Sanità

nov132019

Carenze farmaci, distributori europei: 60% dovuti a problemi di produzione e qualità

Carenze farmaci, distributori europei: 60% dovuti a problemi di produzione e qualità

European healthcare distribution association (Girp): oltre il 60% dei casi di carenza di medicinali è legato a problematiche di produzione o di qualità

Oltre il 60% dei casi di carenza di medicinali è legato a problematiche di produzione o di qualità, marketing e commercializzazione ne spiegano il 27% dei casi mentre il commercio parallelo sembra essere una causa marginale, in Spagna solo il 2% dei casi. A diffondere questi dati è l'European healthcare distribution association (Girp), l'associazione europea dei distributori farmaceutici che, in occasione dei Meetings autunnali, ha posto la carenza di medicinali "in cima alle sue priorità politiche".

Per Bernd Grabner, presidente Girp, le ragioni della carenza di farmaci «sono molte e comprendono problemi tecnici, qualità, economici a livello manifatturiero, mancanza di investimenti nelle capacità produttive, prezzi troppo bassi, richieste impreviste e interruzioni dell'offerta, ma non contribuiscono in egual misura al numero di incidenze di carenze: sulla base di una revisione dei siti web delle agenzie nazionali di medicinali, è chiaro che i problemi di produzione e qualità stanno provocando il maggior numero di nuovi casi di carenze». Per quanto non ci sia ancora armonizzazione nel categorizzare i termini, secondo Grabner si può generalizzare che «le problematiche legate a produzione/qualità rappresentano oltre il 60% dei casi di carenza, marketing/commercializzazione oltre il 27%, l commercio parallelo in Spagna, per esempio, rappresenta solo il 2%». Grabner ha espresso inoltre disaccordo su alcune richieste di usare il Sistema europeo di verifica dei medicinali (Emvs) per il monitoraggio delle carenze: «Il sistema non è progettato per questo scopo, serve una riprogettazione significativa e importanti investimenti nel settore. Potrà soddisfare questa aspettativa solo quando conterrà dati precisi sul livello delle scorte, che al momento non prevede».

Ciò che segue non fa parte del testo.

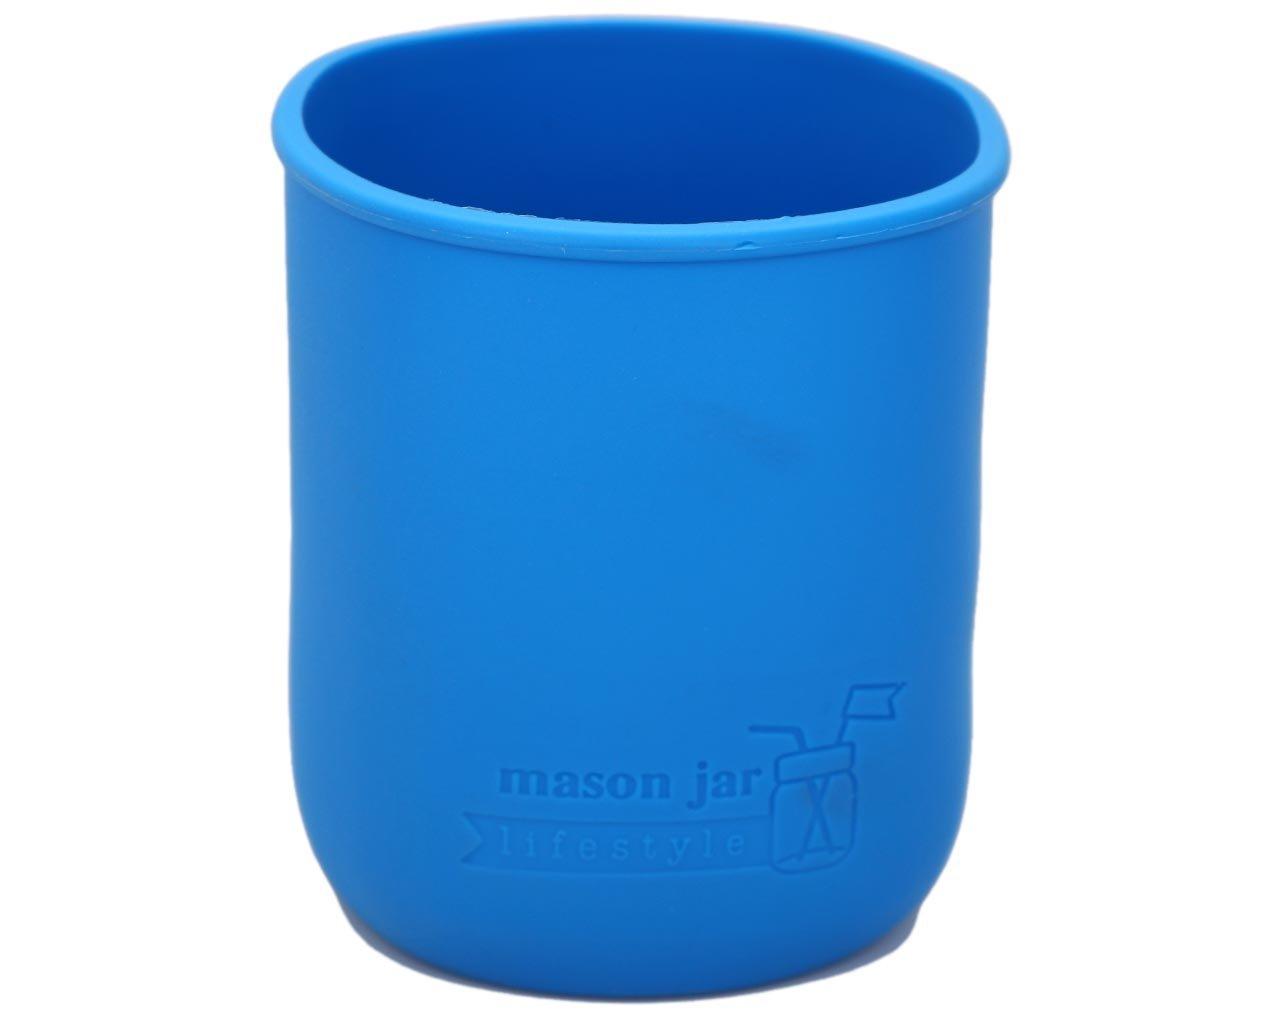 MJL Quart Silicone Sleeve for Mason Jars (Bright Blue, 2 Pack)

«I distributori - sottolinea Monika Derecque-Pois, direttore generale Girp - sono nella posizione di poter fornire solo i farmaci che ricevono» e aggiunge che «pur riconoscendo che a volte è necessario che le autorità affrontino la carenza dovuta all'export, le restrizioni che comportano il blocco temporaneo in un singolo mercato, dovrebbero essere adottate solo quando sono necessarie ed efficaci a raggiungere l'obiettivo».

Per la Girp, le restrizioni alla fornitura andrebbero adottate sulla base di "criteri trasparenti, pubblici e non discriminatori, e di cui i distributori dovrebbero essere informati in anticipo. Le restrizioni devono seguire chiaramente i criteri stabiliti dalla Commissione Europea".